BEGIN Materials provided

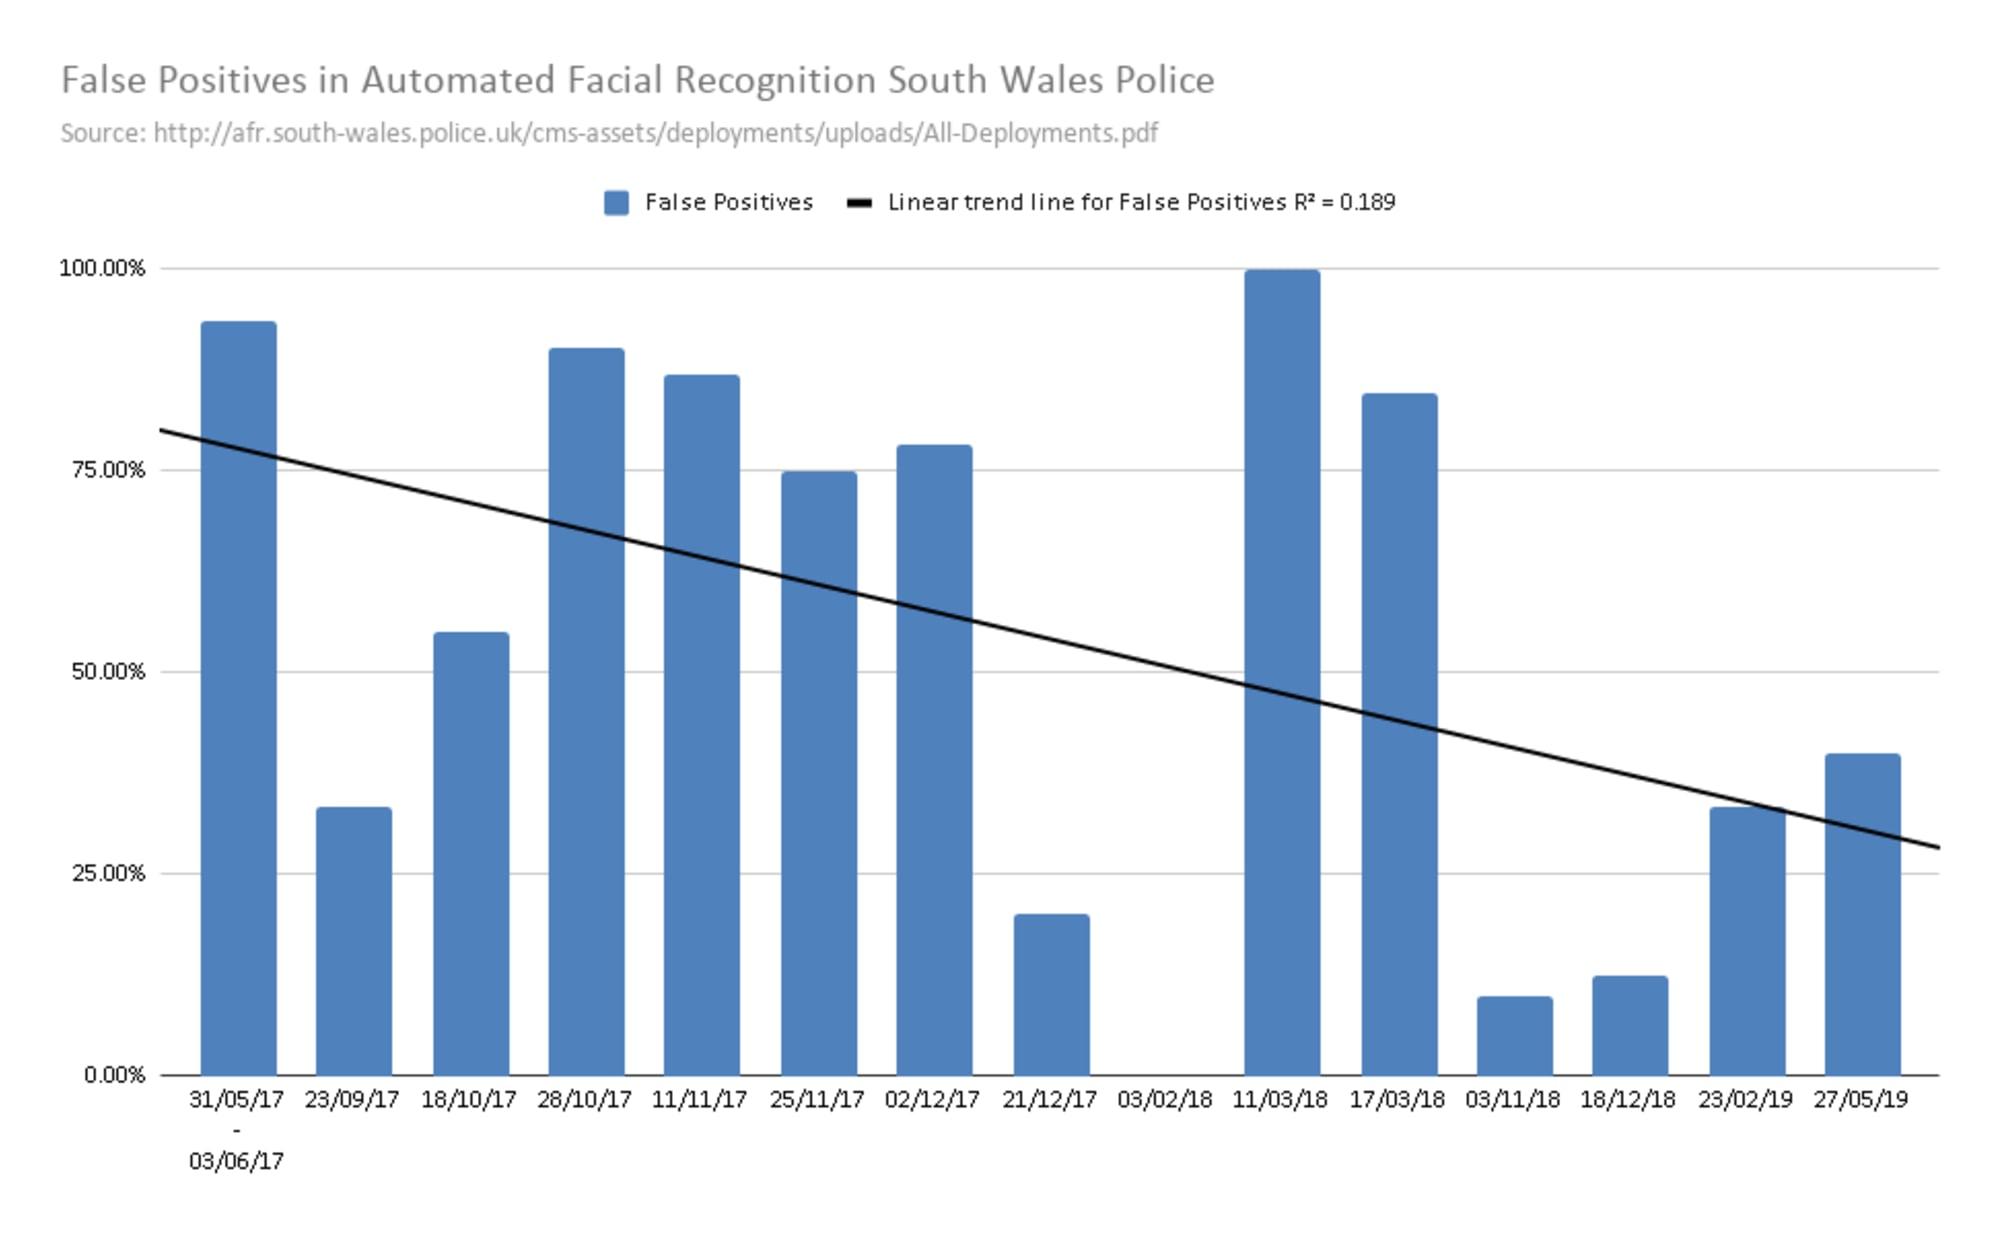 Entwicklung der False Positives in der Gesichtserkennung bei South Wales Police. Tendenz fallend aber mit hoher Varianz
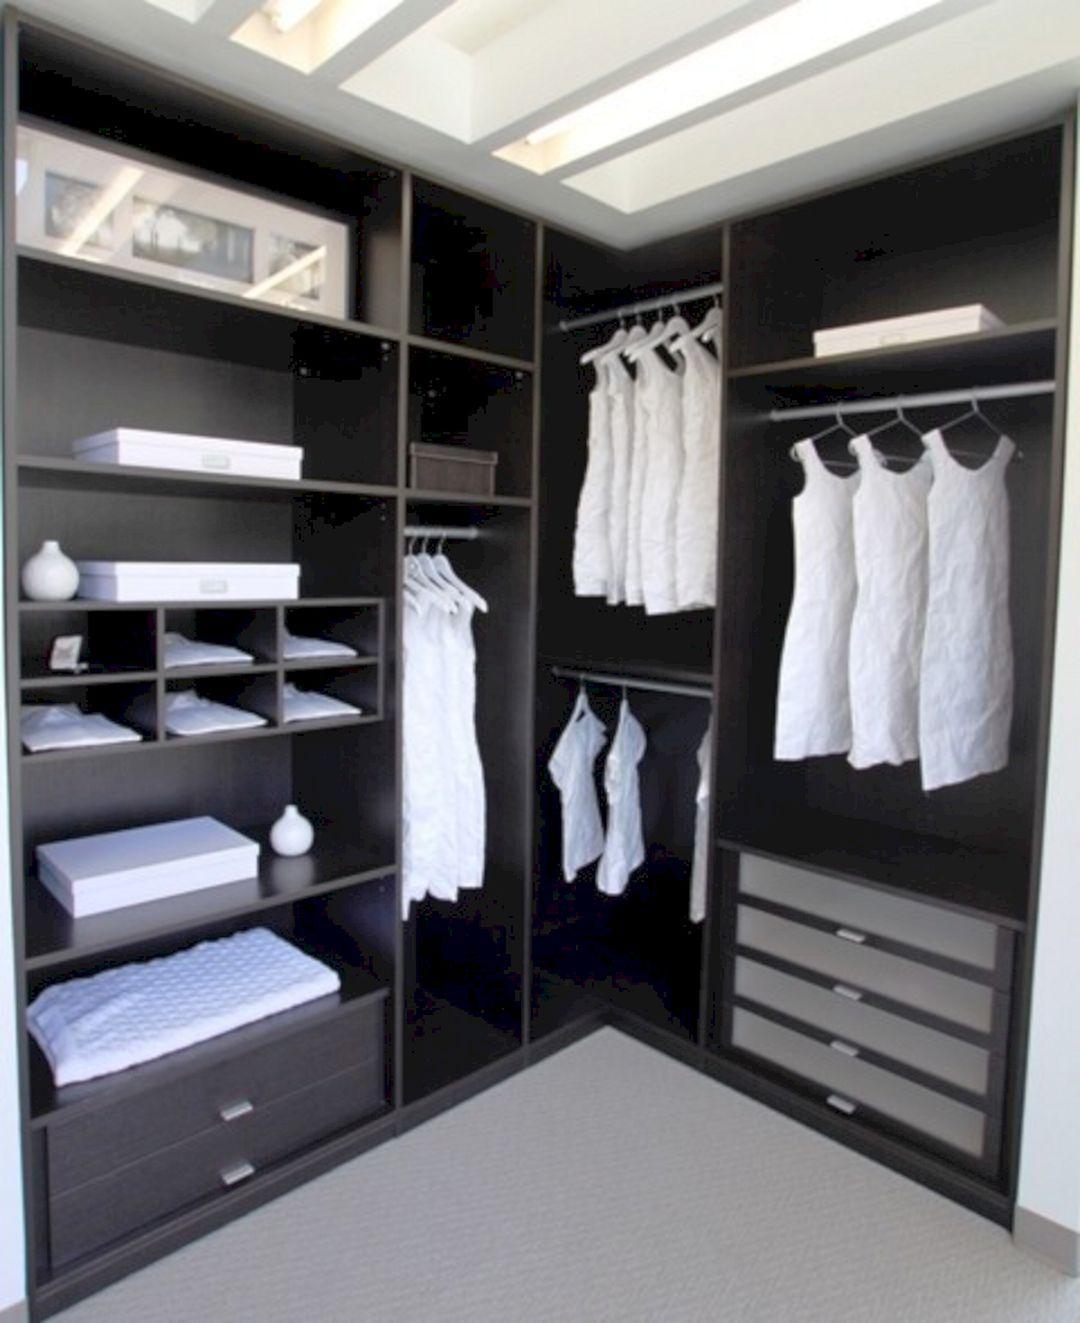 20 Beautiful California Closet Design Ideas To Enhance Your Bathroom Freshouz Com Closet Designs Closet Renovation California Closets
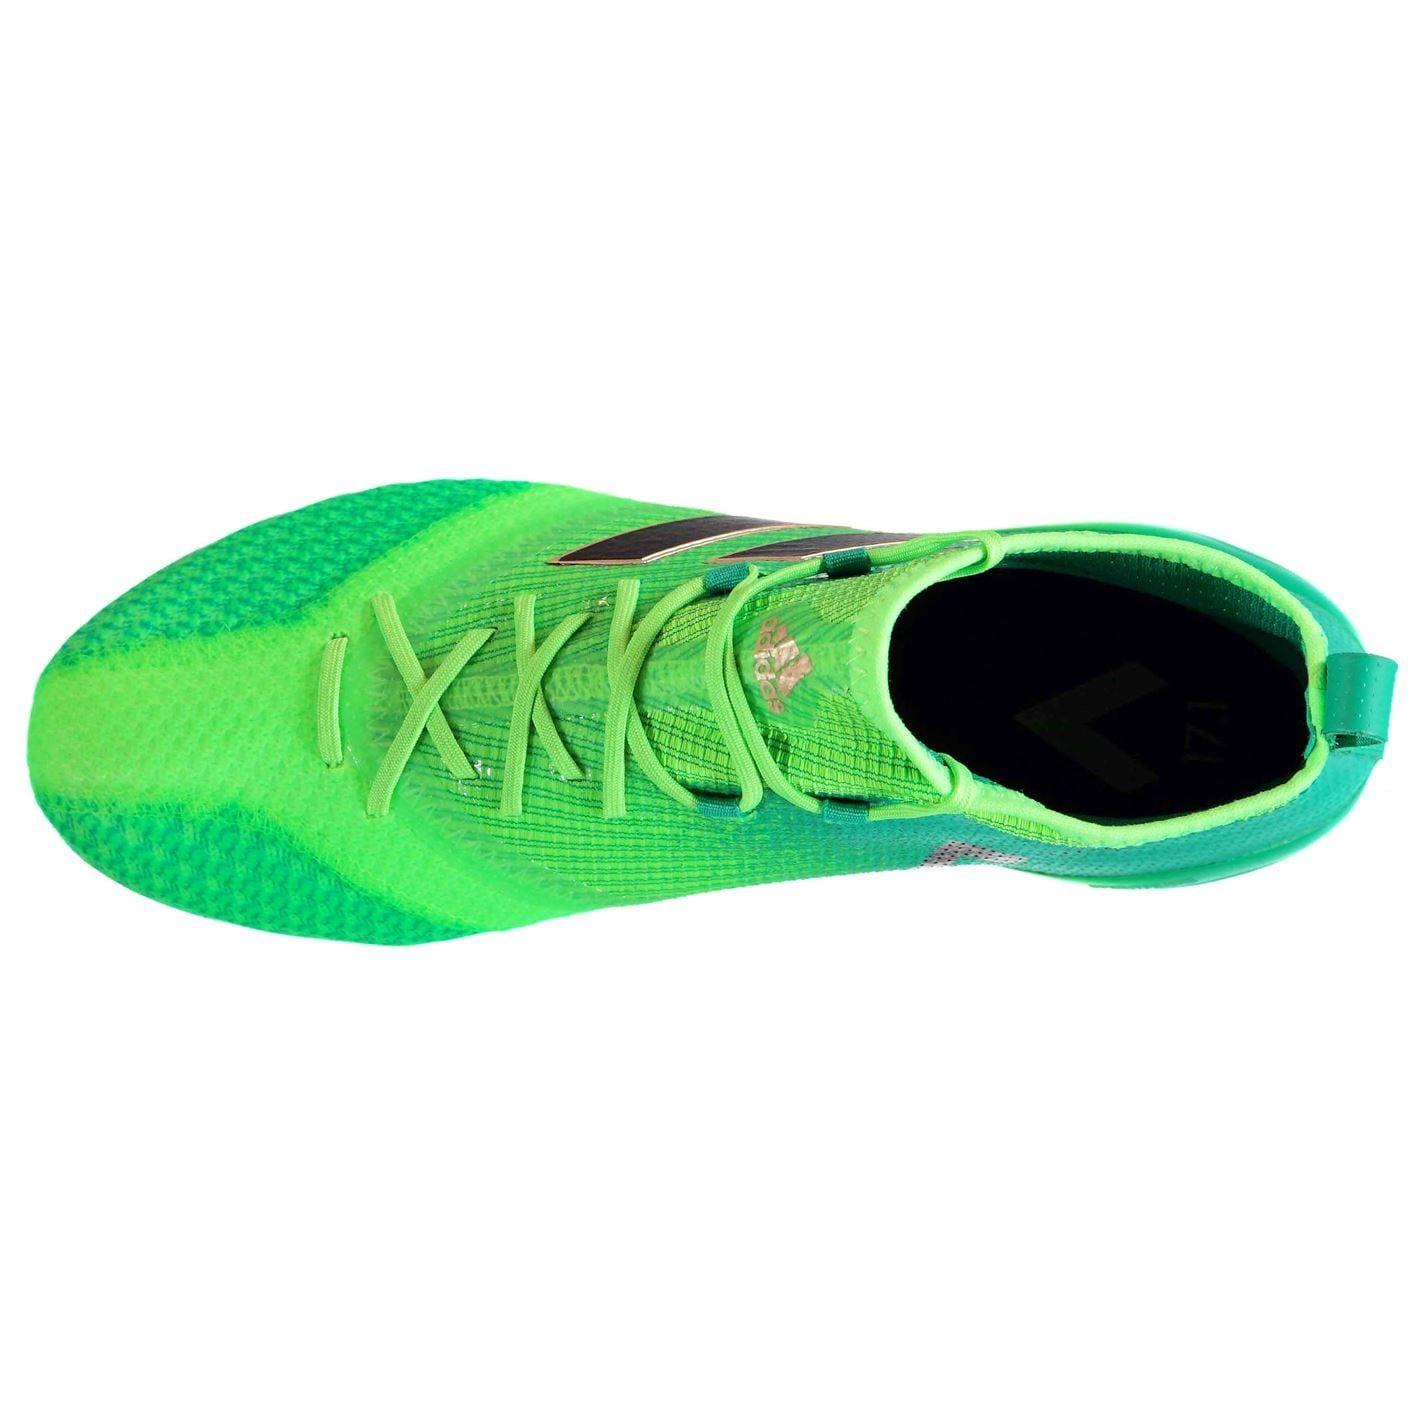 Adidas Ace 17.1 Primeknit FG Ποδοσφαιρικά Παπούτσια Mens
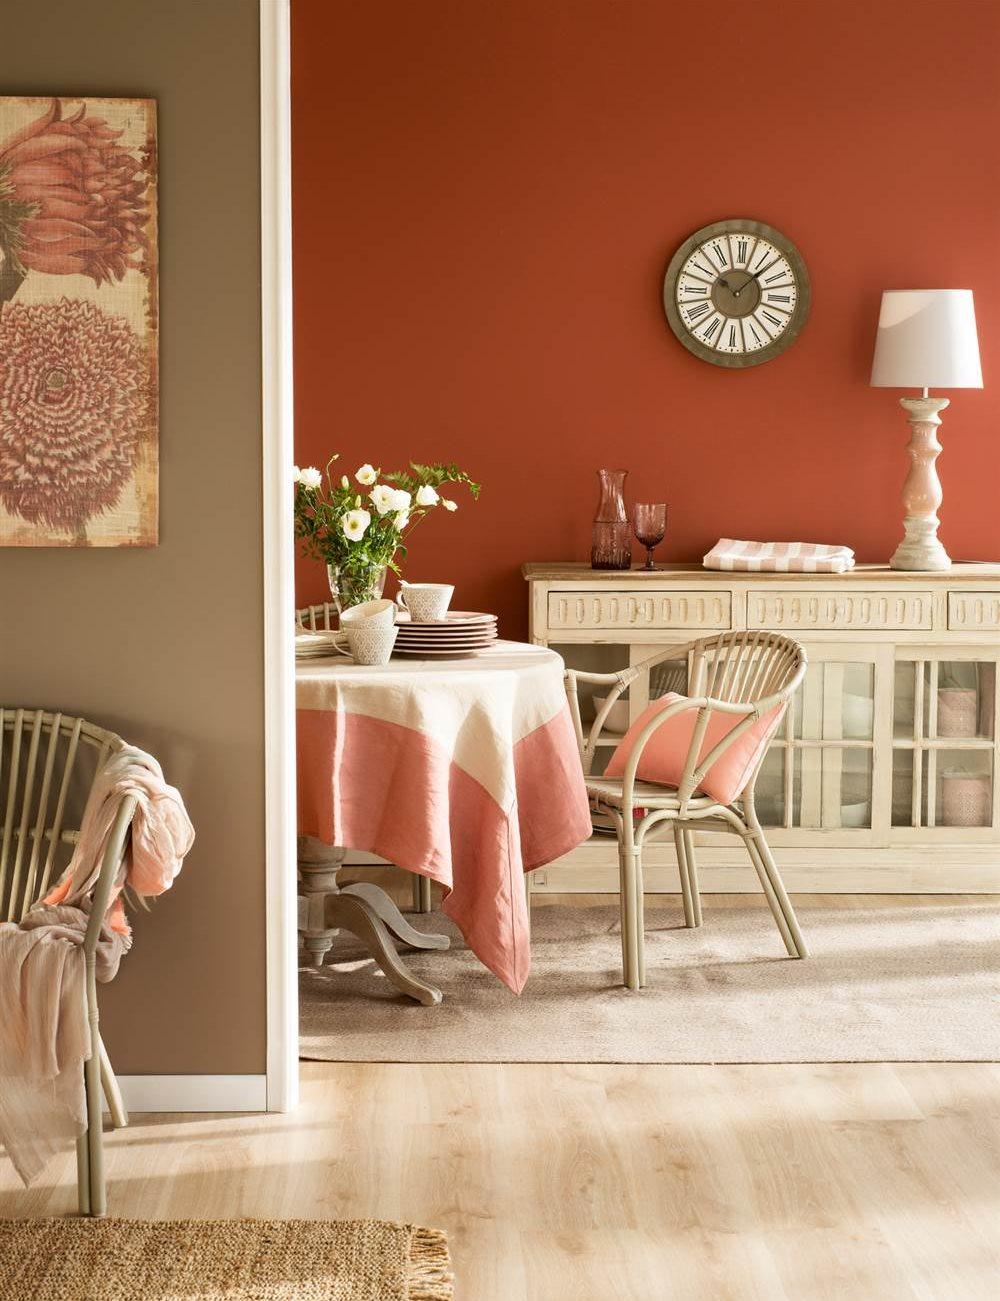 Las claves para combinar los colores en la decoracin y los muebles
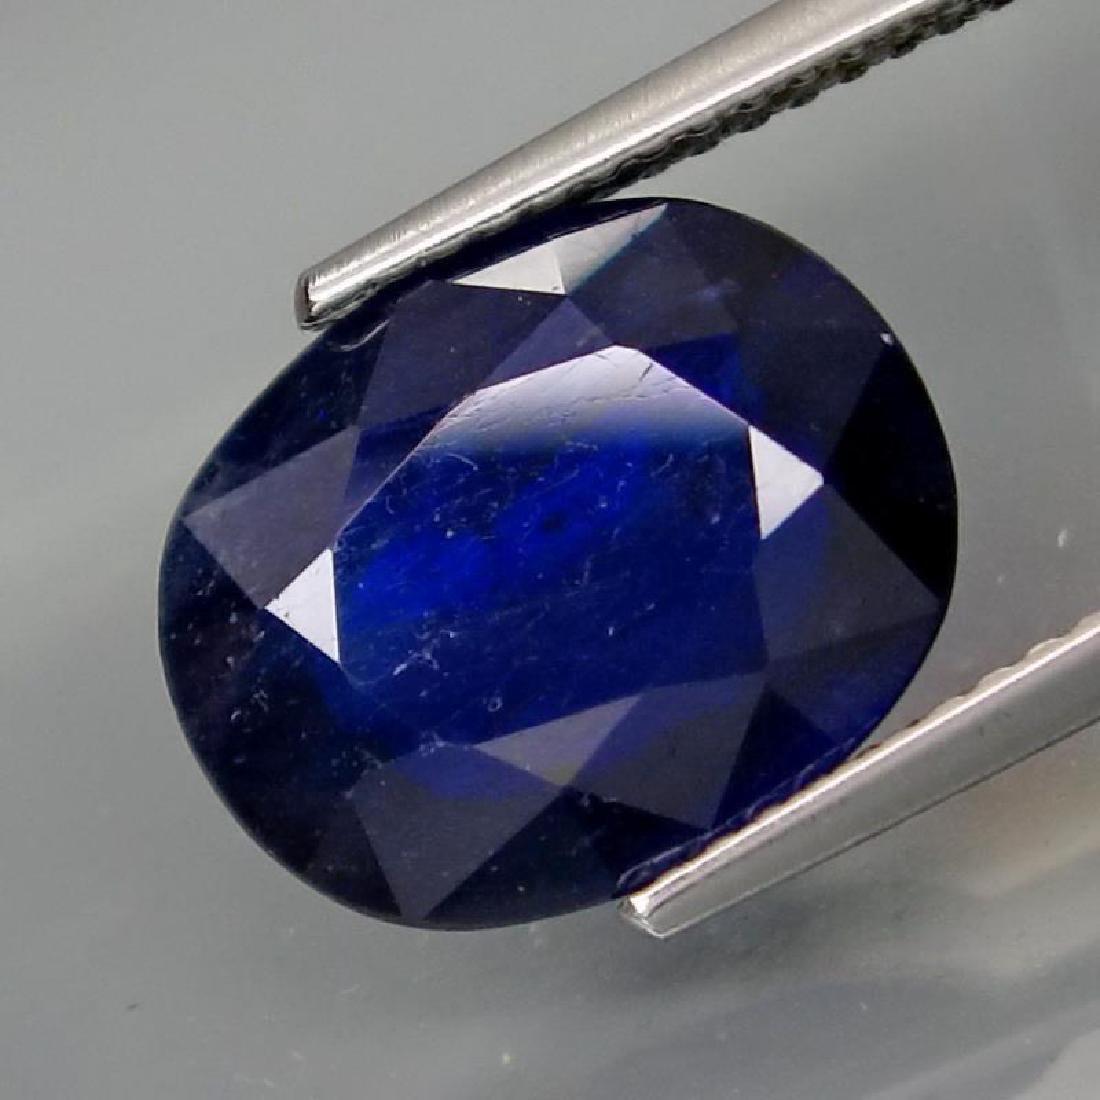 5.30 Carat Composite Loose Sapphire

END Materials provided

Work request:
The lines to restate word for word run from the line that contains "Las claves para" through the end of the entries above, both ends included. Leave out all pictures and write nothing else.

Output for this task:
 Las claves para combinar los colores en la decoracin y los muebles
 5.30 Carat Composite Loose Sapphire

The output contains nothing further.